Le conoscenze scientifiche sono in continua evoluzione e sorrido quando vengono criticati gli esperti più esposti mediaticamente, accusati di contraddirsi. Infatti è fisiologico che sia così, molto di quello che sembrava vero dodici mesi fa oggi è cambiato. Oggi, ad esempio, i pazienti li curiamo sicuramente meglio di quindici mesi fa. Quando ci esponiamo a livello mediatico, dobbiamo essere molto responsabili e dare messaggi i più chiari e comprensibili possibile.
Quale altro aspetto positivo vale la pena sottolineare dell’attuale situazione?
Senza aver raggiunto l’immunità di gregge si sono ottenuti risultati strabilianti, perché con la prima dose si è evitata la malattia grave e non si sono più intasati gli ospedali. La prima dose di vaccino non garantisce che una persona non si infetti, ma non si ammala gravemente. Questo è il fatto inaspettato.

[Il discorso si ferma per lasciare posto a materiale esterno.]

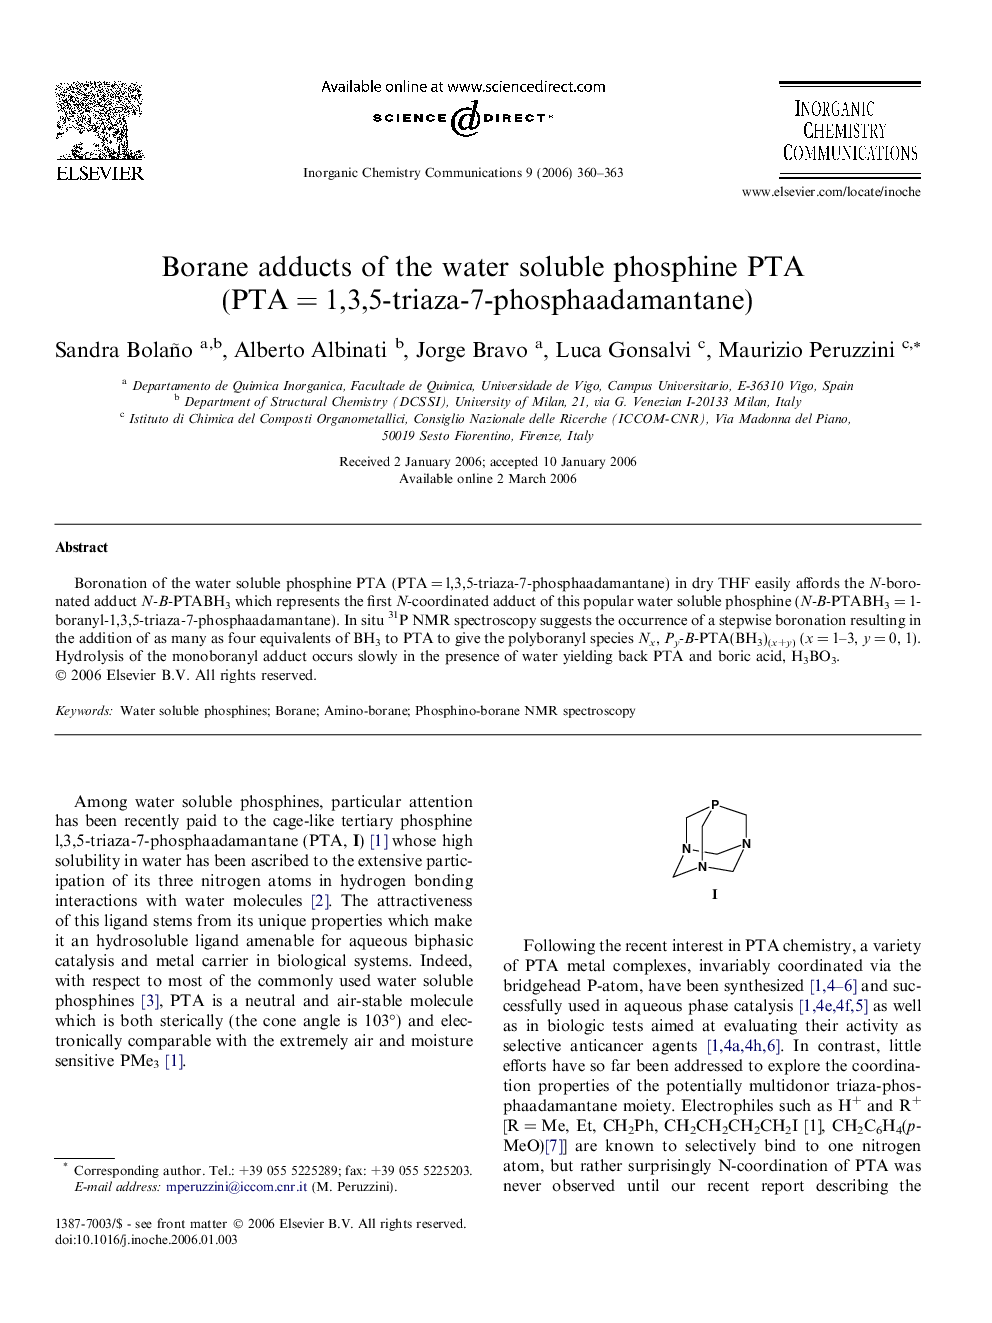 Borane adducts of the water soluble phosphine PTA (PTA = 1,3,5-triaza-7-phosphaadamantane)

Quale invece l’aspetto negativo, se ce ne è uno?
Attraverso la stampa generalista non è facile far arrivare nelle case la realtà della situazione in cui viviamo e, di conseguenza, la gente percepisce messaggi sbagliati, che vengono poi spesso e purtroppo amplificati attraverso i social.
Quali?
Pensare che siccome ci sono meno morti e ricoveri e perché si sta riaprendo tutto, allora significa che la pandemia è finita.
Ma non è così, è questo che intende?
Certo. Ci sono ancora milioni di persone suscettibili che possono infettarsi, perché non si sono vaccinate e, quindi, il virus continua a circolare. Può circolare anche in chi ha fatto una sola dose di vaccino, sono persone che non si ammalano, ma possono infettare. Non si può e non si deve ignorare questi due aspetti. Questi casi sporadici possono anche svilupparsi con la malattia grave. Non è più come un anno fa che il contagio capitava non si sa come, adesso chi si infetta è responsabile, perché non si è vaccinato e non ha rispettato le regole di sicurezza, ancora valide.
Quindi esiste un sommerso importante di persone per così dire da “stanare”? In Inghilterra con circa 6mila casi ci sono 2-3 decessi al giorno, in Italia poco più di 2mila casi ma quasi 20 volte più morti.
Sono un clinico, non mi occupo di certi aspetti, però penso che l’Inghilterra sia più avanti di noi di almeno due mesi e avendo un tasso di vaccinazione così alto può influire su questi dati indubbiamente reali. E’ auspicabile che fra un paio di mesi potremo essere anche noi nella stessa situazione.
Sempre in Inghilterra però esplodono nuove varianti, adesso è presente la Delta, variante indiana, con un livello di contagiosità molto alto tanto che si vuole rivedere il piano di aperture.
Sono i contagi di chi è suscettibile, c’è qualcuno vaccinato che può essersi preso il virus, ma non si è ammalato. Questa variante non è resistente al vaccino o più letale, è solo più contagiosa.
Come è la situazione delle varianti in Italia?
Al momento in Italia le varianti preoccupanti non sembrano particolarmente diffuse, ma ci sono persone che ancora non si vaccinano. Inevitabilmente, fin quando la campagna vaccinale non sarà completata e con entrambe le dosi, la possibilità che arrivino anche da noi queste varianti rimarrà reale. Chi non si vaccina, come già dicevamo, è responsabile sia della propria malattia che della diffusione agli altri.